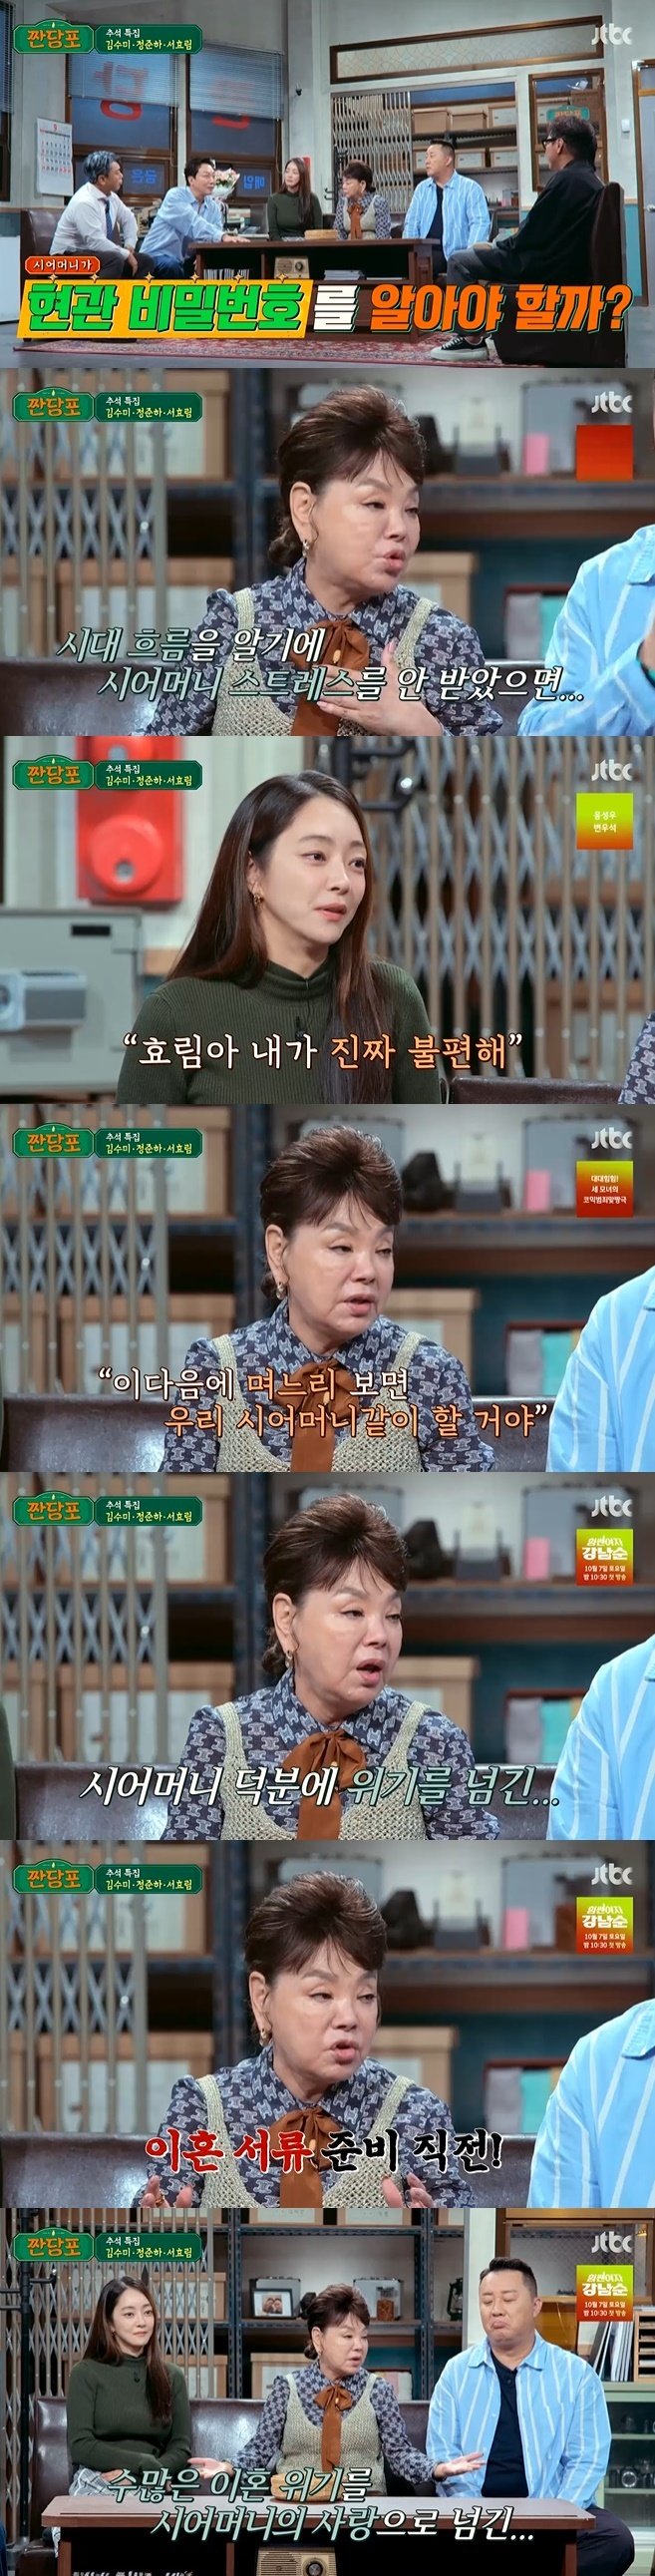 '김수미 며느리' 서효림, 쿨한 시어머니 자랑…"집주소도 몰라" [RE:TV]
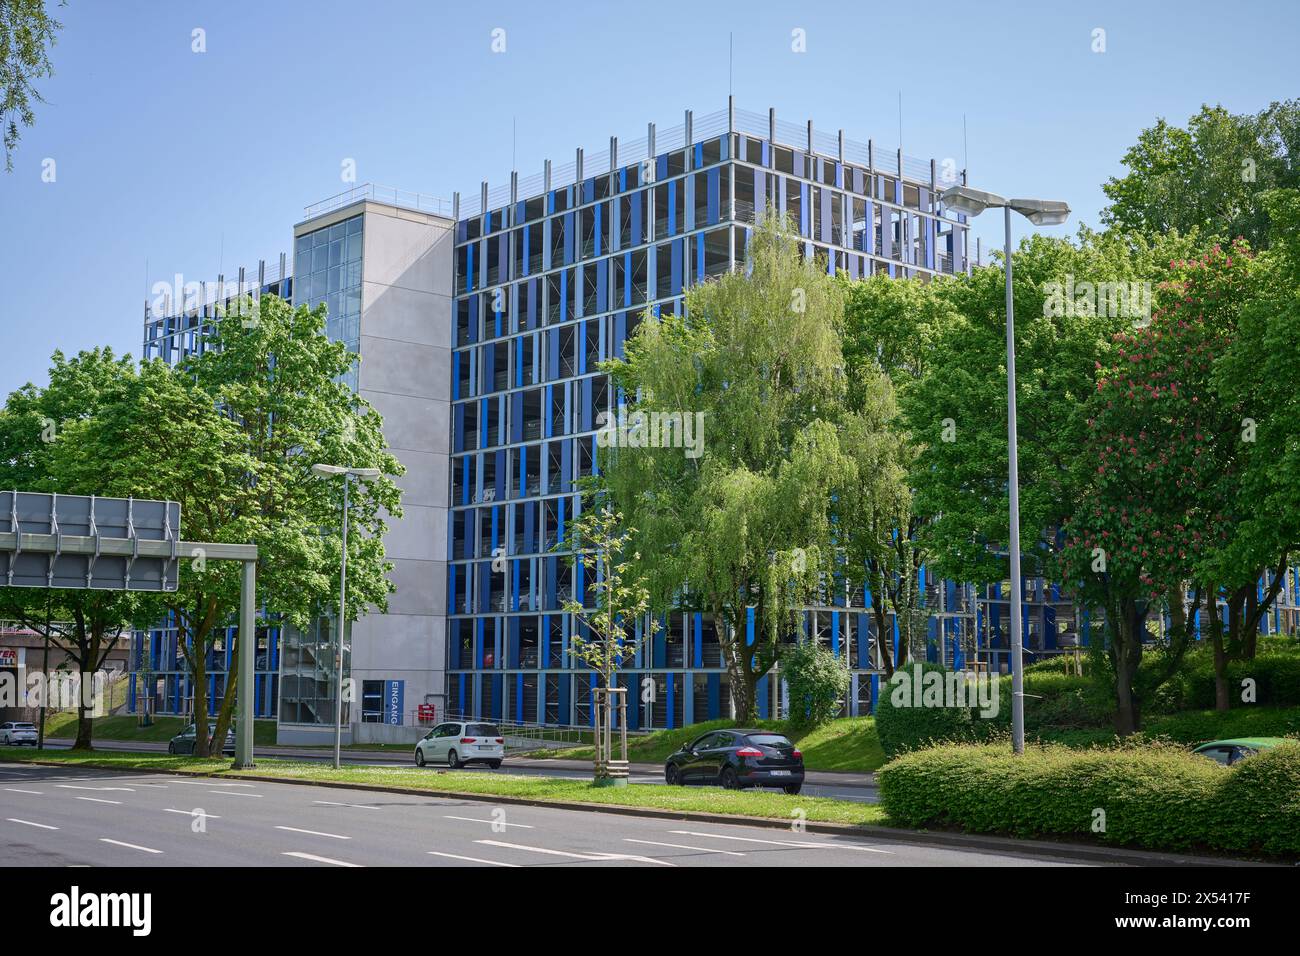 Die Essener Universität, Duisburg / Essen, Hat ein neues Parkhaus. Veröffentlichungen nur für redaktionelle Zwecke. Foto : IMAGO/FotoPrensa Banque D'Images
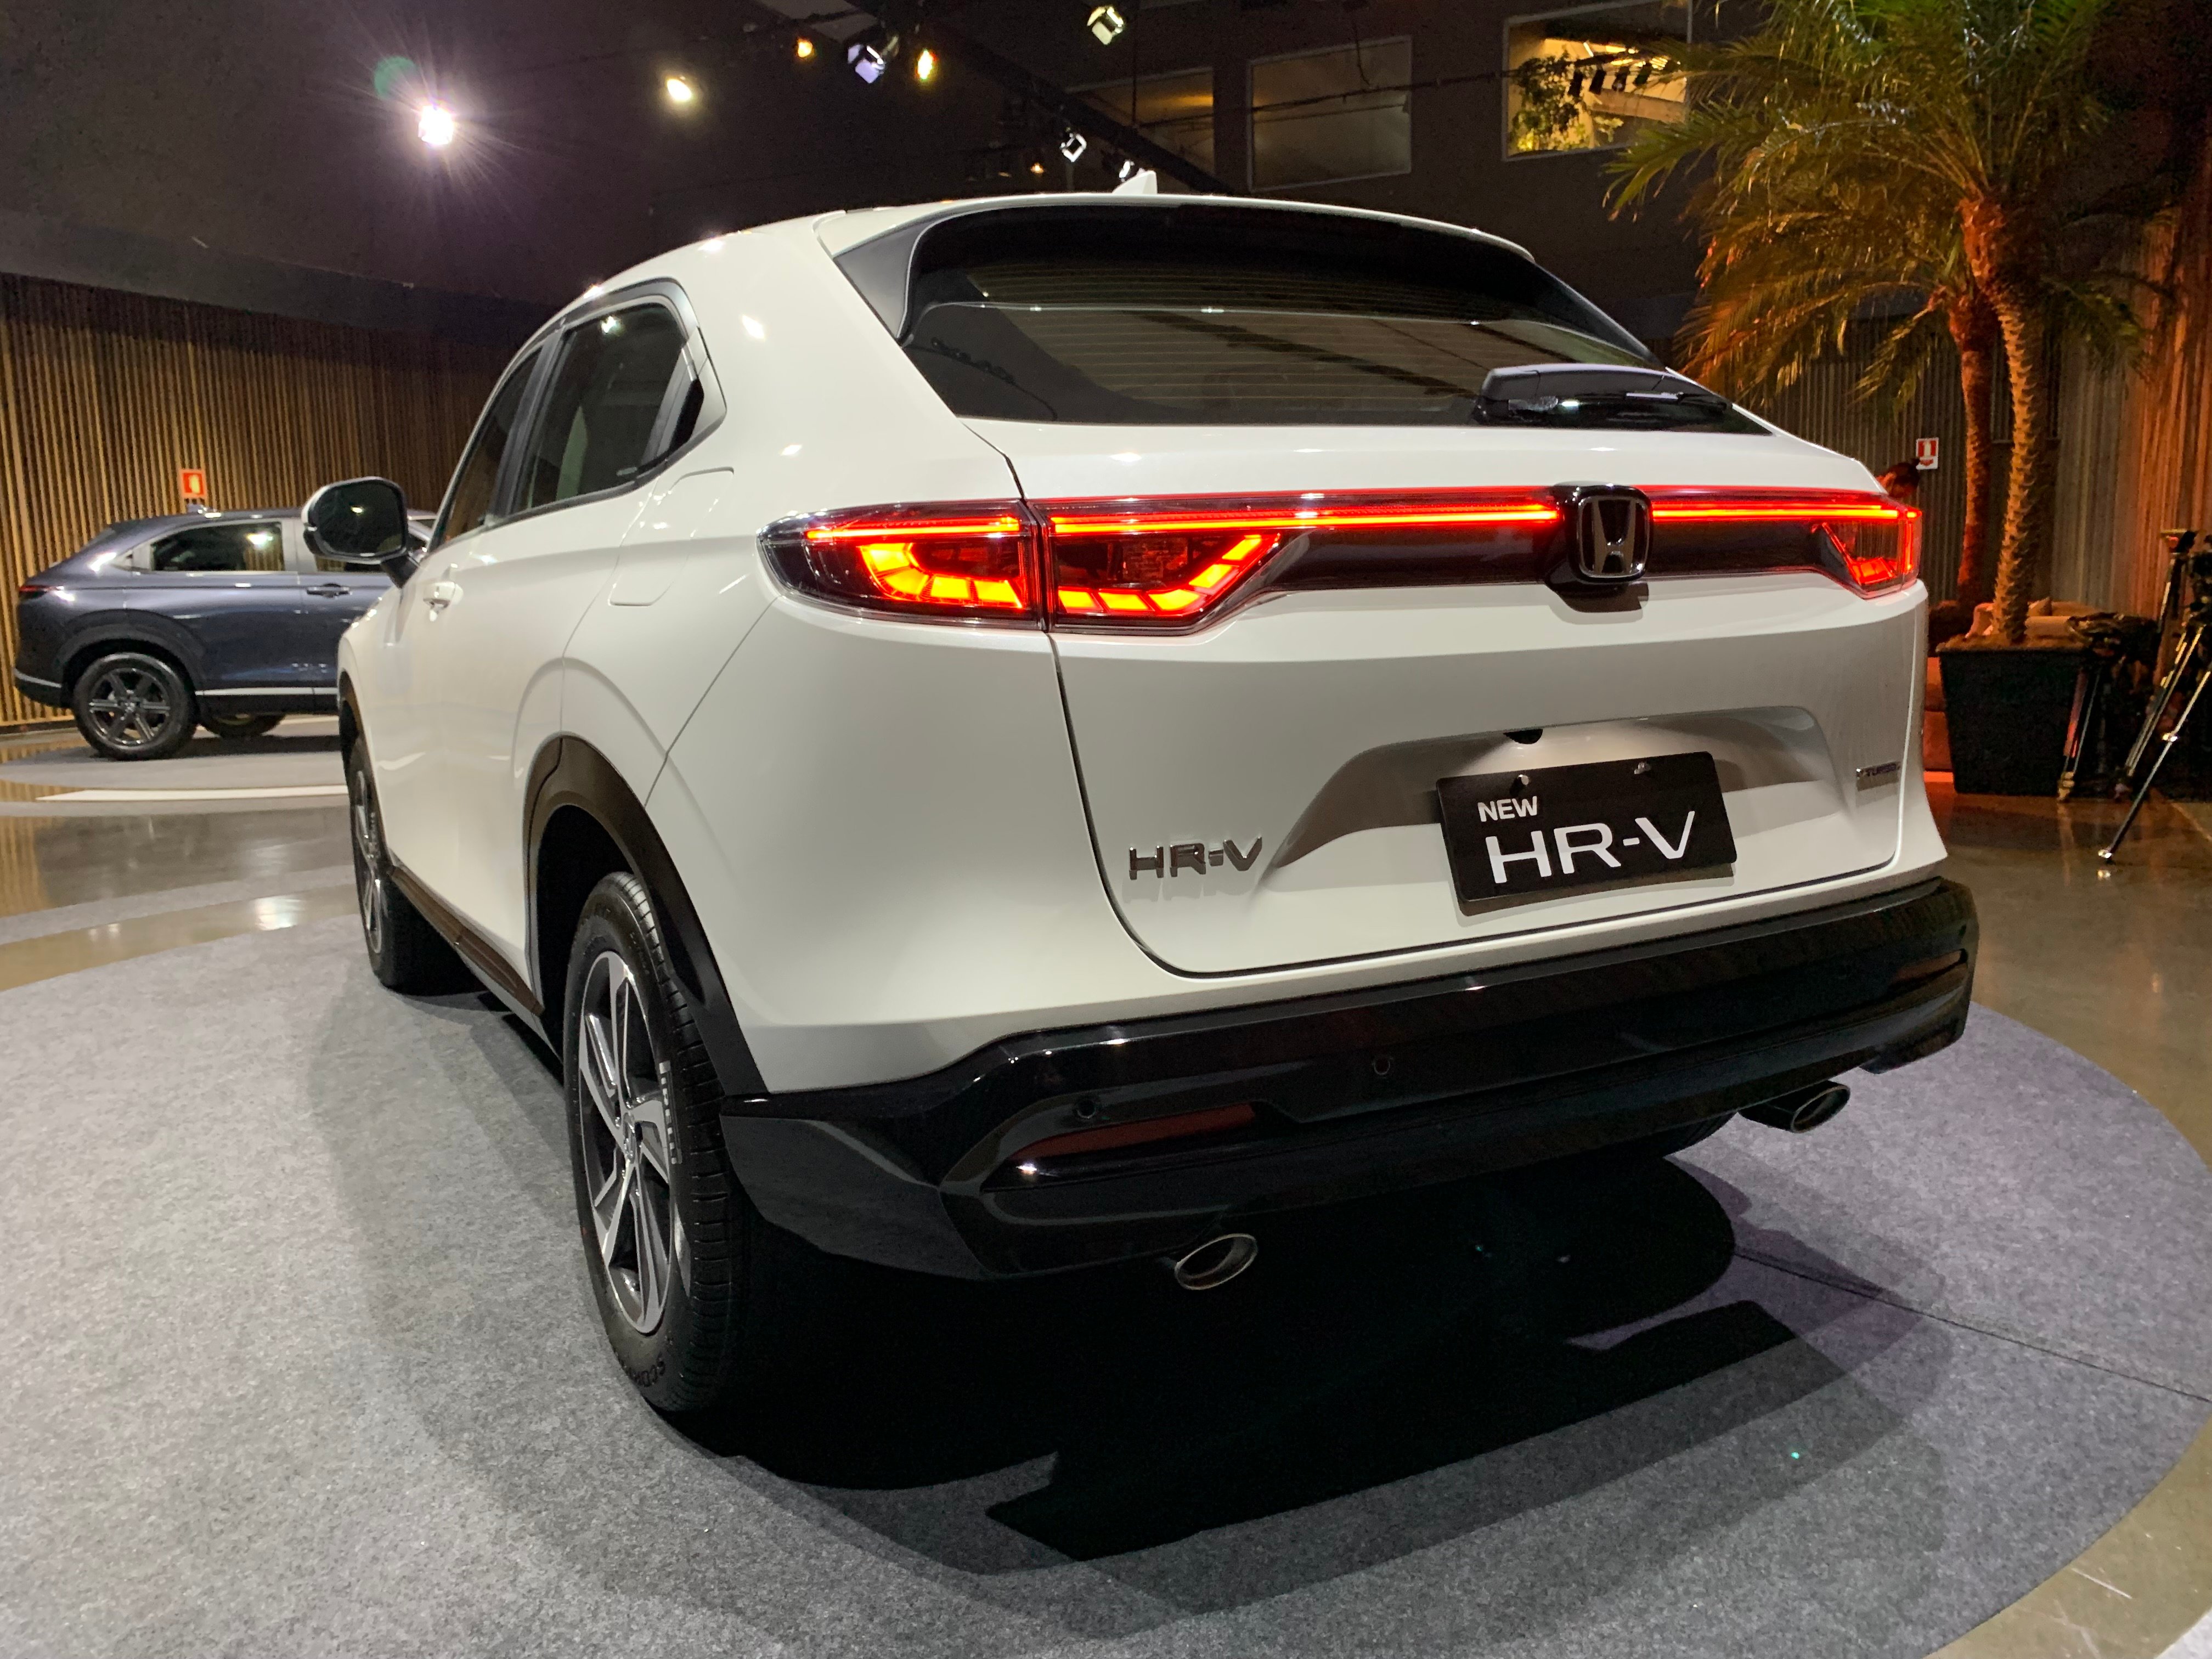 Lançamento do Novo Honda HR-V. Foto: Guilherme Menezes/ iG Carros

What you should do >> Both the line containing "Die Essener Universität, Duisburg" and the last line of the listing above belong in the copy, along with every line between them; retype them exactly and omit the pictures.

Result of the task >>
 Die Essener Universität, Duisburg / Essen, Hat ein neues Parkhaus. Veröffentlichungen nur für redaktionelle Zwecke. Foto : IMAGO/FotoPrensa Banque D'Images
 Lançamento do Novo Honda HR-V. Foto: Guilherme Menezes/ iG Carros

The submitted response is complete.